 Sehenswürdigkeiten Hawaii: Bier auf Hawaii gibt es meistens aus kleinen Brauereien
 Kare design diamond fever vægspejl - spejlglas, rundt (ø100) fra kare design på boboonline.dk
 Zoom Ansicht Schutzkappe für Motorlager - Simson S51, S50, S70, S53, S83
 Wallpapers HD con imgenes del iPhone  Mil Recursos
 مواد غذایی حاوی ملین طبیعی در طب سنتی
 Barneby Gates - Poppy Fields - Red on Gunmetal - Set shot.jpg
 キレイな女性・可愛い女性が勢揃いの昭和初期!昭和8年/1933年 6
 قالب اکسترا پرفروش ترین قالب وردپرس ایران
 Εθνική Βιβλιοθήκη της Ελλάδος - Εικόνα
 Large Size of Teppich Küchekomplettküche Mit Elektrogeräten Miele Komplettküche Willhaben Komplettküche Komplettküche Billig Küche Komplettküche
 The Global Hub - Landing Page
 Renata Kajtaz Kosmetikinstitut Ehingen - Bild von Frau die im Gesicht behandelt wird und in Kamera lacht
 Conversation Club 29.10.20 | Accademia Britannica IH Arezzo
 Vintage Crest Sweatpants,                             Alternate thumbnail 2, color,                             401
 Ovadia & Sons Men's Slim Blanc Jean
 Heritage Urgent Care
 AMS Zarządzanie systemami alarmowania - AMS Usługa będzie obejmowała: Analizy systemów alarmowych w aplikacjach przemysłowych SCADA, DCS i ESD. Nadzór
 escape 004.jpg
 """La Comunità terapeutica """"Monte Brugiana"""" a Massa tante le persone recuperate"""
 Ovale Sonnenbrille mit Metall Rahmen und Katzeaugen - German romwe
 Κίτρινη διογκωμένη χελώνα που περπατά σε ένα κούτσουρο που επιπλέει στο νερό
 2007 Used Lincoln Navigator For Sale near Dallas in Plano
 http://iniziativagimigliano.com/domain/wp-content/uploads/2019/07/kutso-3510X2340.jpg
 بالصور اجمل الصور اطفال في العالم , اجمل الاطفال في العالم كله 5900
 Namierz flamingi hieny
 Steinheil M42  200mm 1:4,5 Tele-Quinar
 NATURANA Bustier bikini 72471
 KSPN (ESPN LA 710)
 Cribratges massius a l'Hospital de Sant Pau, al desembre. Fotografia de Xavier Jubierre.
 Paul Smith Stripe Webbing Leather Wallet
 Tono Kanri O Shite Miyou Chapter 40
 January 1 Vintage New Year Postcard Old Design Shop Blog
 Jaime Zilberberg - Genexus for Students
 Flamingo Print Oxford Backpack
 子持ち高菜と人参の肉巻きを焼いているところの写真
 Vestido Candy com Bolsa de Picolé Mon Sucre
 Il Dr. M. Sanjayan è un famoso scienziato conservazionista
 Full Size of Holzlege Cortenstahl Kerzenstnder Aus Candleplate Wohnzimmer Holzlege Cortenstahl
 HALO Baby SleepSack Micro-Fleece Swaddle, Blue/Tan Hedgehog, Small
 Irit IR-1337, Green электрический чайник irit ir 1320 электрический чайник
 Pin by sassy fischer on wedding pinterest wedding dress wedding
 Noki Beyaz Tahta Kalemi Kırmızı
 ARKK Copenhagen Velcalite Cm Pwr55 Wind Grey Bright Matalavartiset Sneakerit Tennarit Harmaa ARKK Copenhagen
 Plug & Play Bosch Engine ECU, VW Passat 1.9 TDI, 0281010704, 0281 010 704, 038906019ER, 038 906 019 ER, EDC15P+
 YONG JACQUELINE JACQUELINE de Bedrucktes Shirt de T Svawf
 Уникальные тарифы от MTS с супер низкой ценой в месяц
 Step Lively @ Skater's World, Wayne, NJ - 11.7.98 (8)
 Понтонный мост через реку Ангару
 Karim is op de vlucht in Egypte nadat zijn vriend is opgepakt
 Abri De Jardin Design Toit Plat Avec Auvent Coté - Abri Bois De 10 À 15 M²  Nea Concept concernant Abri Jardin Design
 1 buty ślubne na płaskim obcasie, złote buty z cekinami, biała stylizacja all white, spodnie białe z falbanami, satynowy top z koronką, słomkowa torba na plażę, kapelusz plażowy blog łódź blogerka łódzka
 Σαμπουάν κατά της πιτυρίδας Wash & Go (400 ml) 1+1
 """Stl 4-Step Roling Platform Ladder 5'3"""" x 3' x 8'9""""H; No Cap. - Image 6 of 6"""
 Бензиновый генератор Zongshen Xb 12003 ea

•••

Work required:
Take the entries above and return only the lines from the one with "Cribratges massius a" to the one with "Vestido Candy com Bolsa de Picolé Mon Sucre", both included, unchanged.

Completed exercise:
 Cribratges massius a l'Hospital de Sant Pau, al desembre. Fotografia de Xavier Jubierre.
 Paul Smith Stripe Webbing Leather Wallet
 Tono Kanri O Shite Miyou Chapter 40
 January 1 Vintage New Year Postcard Old Design Shop Blog
 Jaime Zilberberg - Genexus for Students
 Flamingo Print Oxford Backpack
 子持ち高菜と人参の肉巻きを焼いているところの写真
 Vestido Candy com Bolsa de Picolé Mon Sucre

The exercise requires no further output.